In my continuing series on ETL Antipatterns, I’ll discuss the problem of loading too much data in extract-transform-load processes.
ETL Antipattern: processing too much data
A common design flaw in enterprise ETL processes is that they are processing too much data. Having access to a great breadth and depth of data opens up lots of options for historical reporting and data analytics, but very often it is mistakenly assumed that all of the available data must be processed through ETL.
Although it may sound counterintuitive, there are many cases where purposefully leaving some data out of the ETL process leads to a better outcome. Among the factors to consider when deciding which data should be included:
- Does the data’s utility degrade with its age? Is there a point in time at which a set of data no longer provides business value due to it age?
- Is the data we are keeping at a more precise grain than we will ever need for reporting?
- Are there extra components of the data (individual fields or perhaps entire tables) that we don’t use for any reporting or analytics?

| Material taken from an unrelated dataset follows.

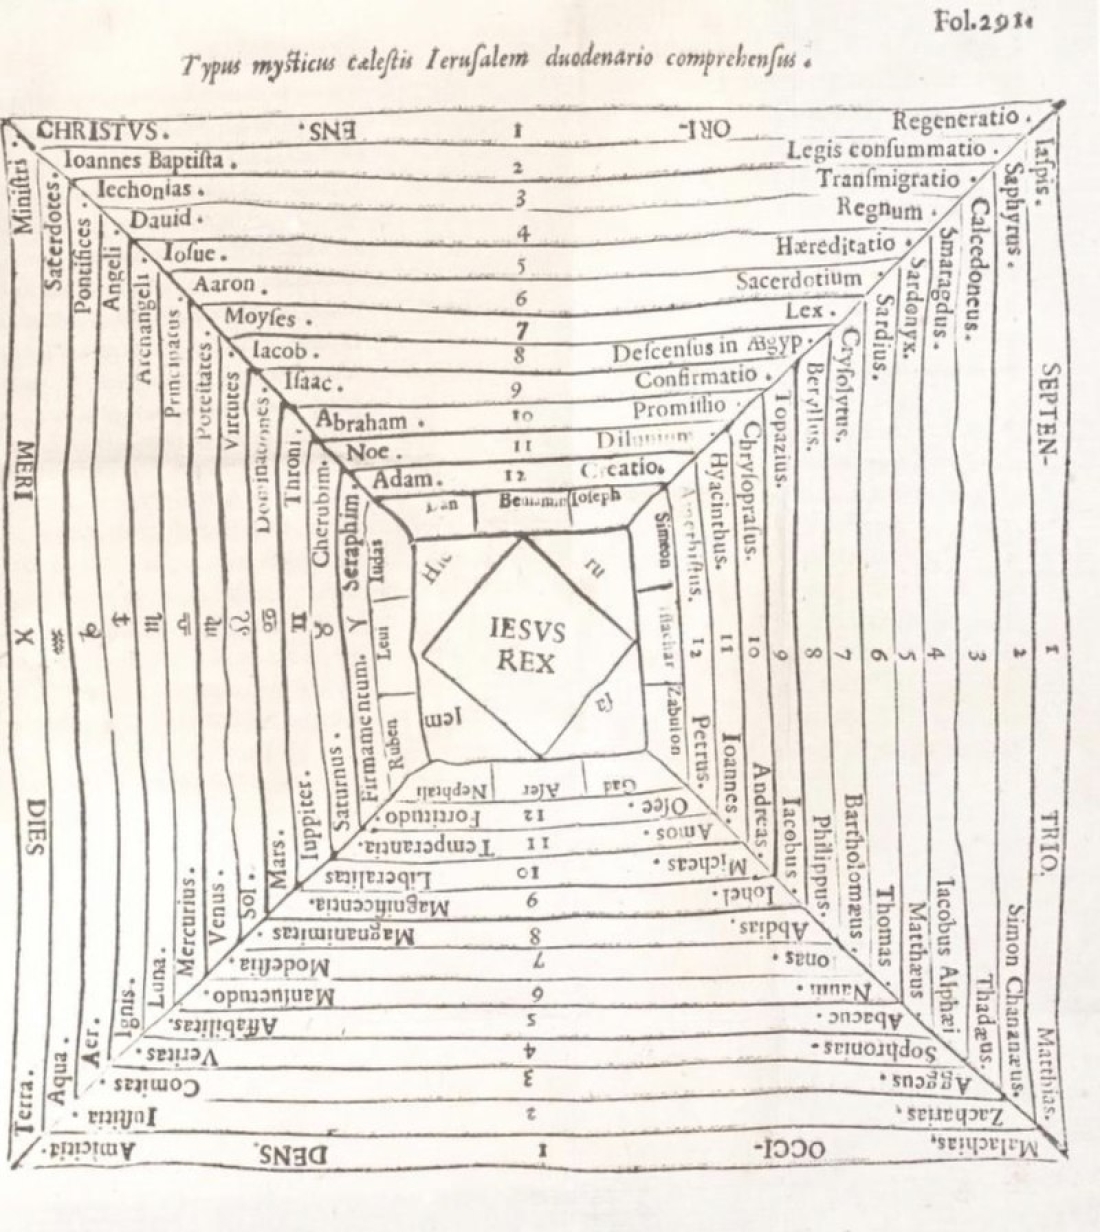 Αριθμολογία. Εικονογράφηση της Αριθμολογίας του γερμανού ιησουίτη λογίου Athanasius Kircher (1602-1680), Κίρχερ που τον συγκρίνουν με τον Λεονάρντο ντα Βίντσι για το τεράστιο εύρος των ενδιαφερόντων του. Αν και το έργο του Kircher δεν βασιζόταν σε μαθηματική βάση, ανέπτυξε διάφορα συστήματα για τη δημιουργία και την καταμέτρηση όλων των συνδυασμών μιας πεπερασμένης συλλογής αντικειμένων (δηλαδή ενός πεπερασμένου συνόλου).

- Are we including the entire history of data in the ETL process when we could be doing a smaller, temporal-based incremental load?
- Are we continuing to reprocess data that is slowly changing or completely static (such as data for terminated employees or inactive products)?

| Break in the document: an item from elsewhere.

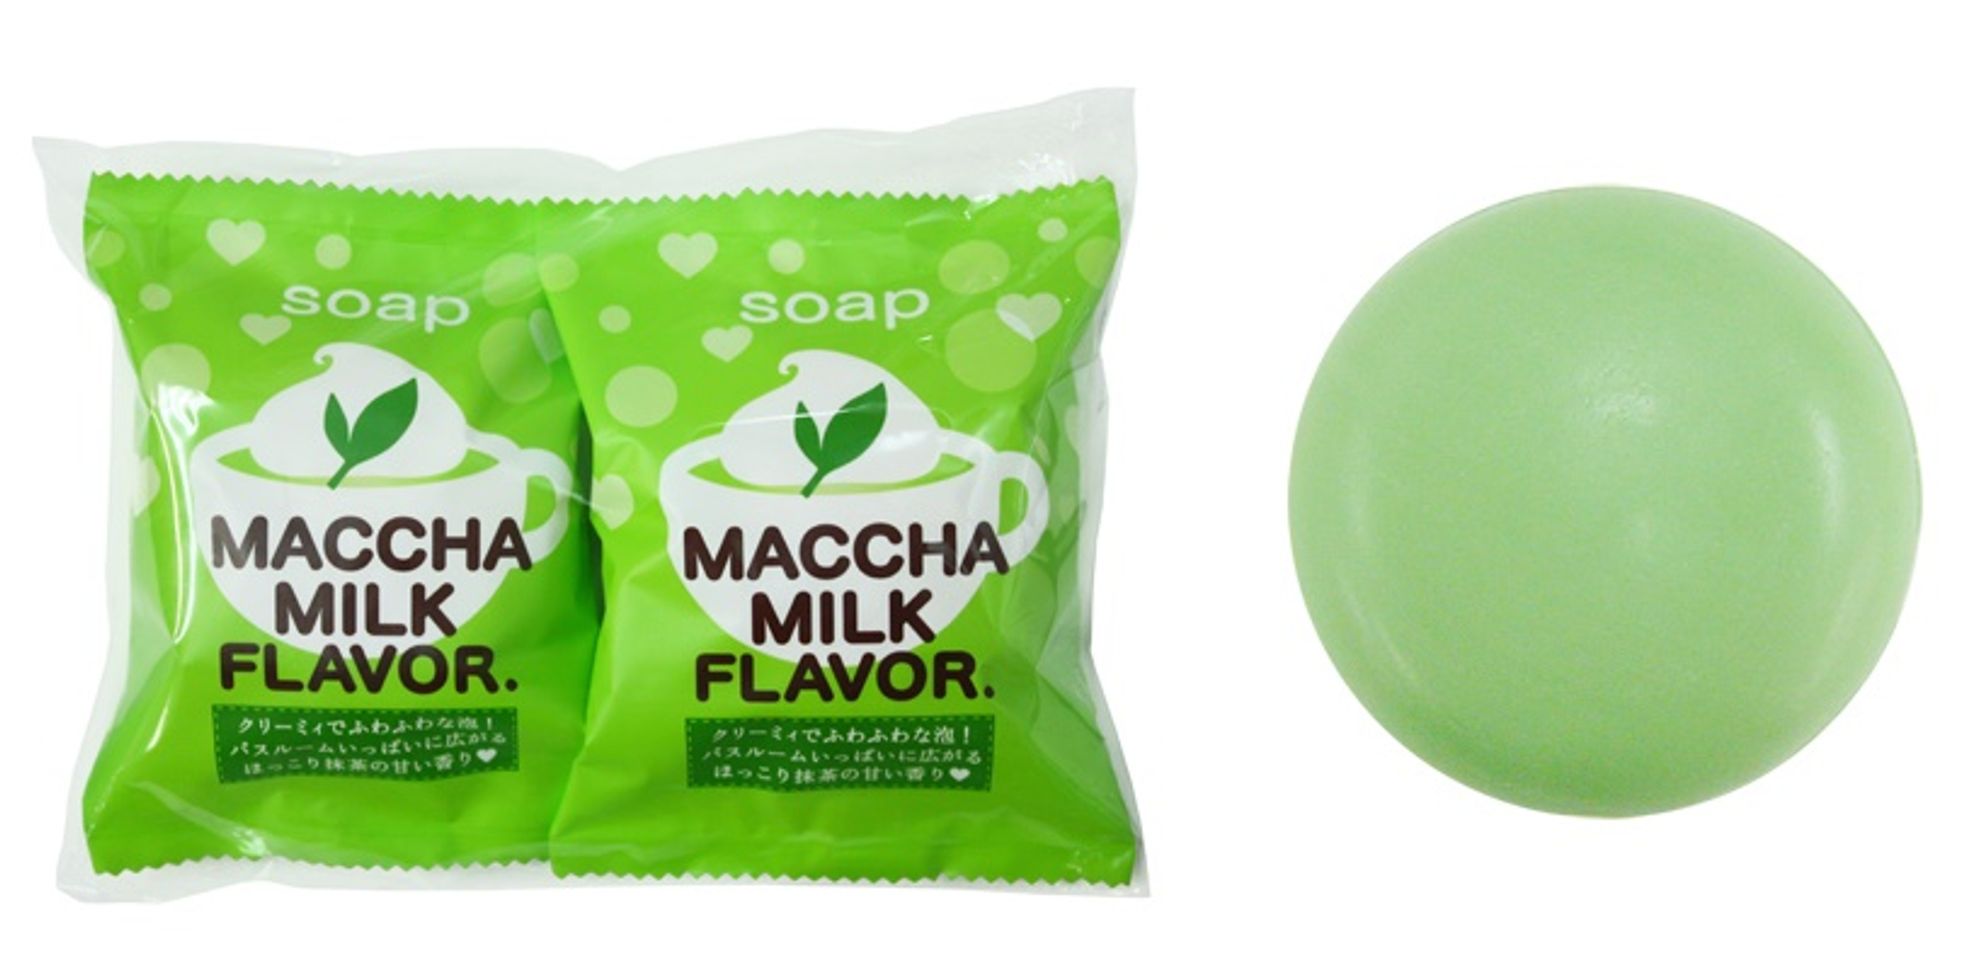 Mùi hương của Maccha Milk Flavor nhẹ nhàng và lan tỏa, mang lại cảm giác dễ chịu

Well-designed ETL processes will touch as much data as is required to be touched, but no more. As the amount of data processed in ETL rises, a number of risks also surface:
- It slows down your ETL processes. The amount of time required to process data scales with the volume of data being processed.
- Aggressive data loads can cause contention on the sources from which the data is retrieved, particularly if the ETL processes get their data directly from online transactional processing (OLTP) sources.
- Processing large volumes of data requires more system resources. This can slow down other processes running on the same server as the ETL, and may increase your costs for cloud-based resources.
- A larger footprint of data processing means a bigger liability in the event of a data breach or other security exposure.
Data volume and the discovery process
When we talk about how much data we should be processing, it’s important to separate the needs of the initial data discovery phase from the day-to-day data load process needs. Any time I start an ETL project, I want to include as much data as is practical in the initial analysis. The more data we touch during the discovery phase of an ETL projects, the more likely we are to learn about the structure of that data:
- Incremental data volume
- Data types
- Structural anomalies (flat file inconsistencies, table name variations, etc.)
- Seasonal fluctuations in the volume or values in the data
- Other anomalies such as missing time periods in the data
A large volume of representative data improves the data discovery process by allowing data architects and ETL developers the ability to find those patterns and build the code to prevent unexpected failures or adverse data out comes. For projects in which the volume of data isn’t prohibitive, I prefer to include as much data as is available for discovery.
Again, there’s a significant difference between what is required of data discovery and what the business needs dictate for ongoing data loads. Aim for a deep data set for discovery and testing, and you can trim that back to what is actually needed for business insights when you start running scheduled data loads.
How much is enough, and when is it too much?
There’s no single yardstick that can be used to determine how much data should be processed in your ETL operations. Data volume, data value over time, hardware configuration, and laws/regulations should all be considered when evaluating what to include in your loads.
If you take away one truism from here, I hope it’s this: Don’t assume that every bit of data is available must be included in your scheduled data loads. For data that is unlikely to add business value or may introduce unnecessary risk, consider leaving it out of your ETL processing.
Tim, this seems to me that this is rarely an issue if one is using architectural layers and related patterns. For example, if you’re loading and not loading just incremental then the question should be why the heck not? Usually (although of course not always) when I have seen systems loading 100% every time its due to a developer who hasn’t a clue about the physics of data movement. Like so many aspects of systems design, you can often get away with these little sins with no consequence when you’re dealing with tiny data volumes. Its only later after going production and data volumes grow that they find out it won’t scale. But this is just one of many areas data movement can go wrong due to just simple data movement physics that are ignored.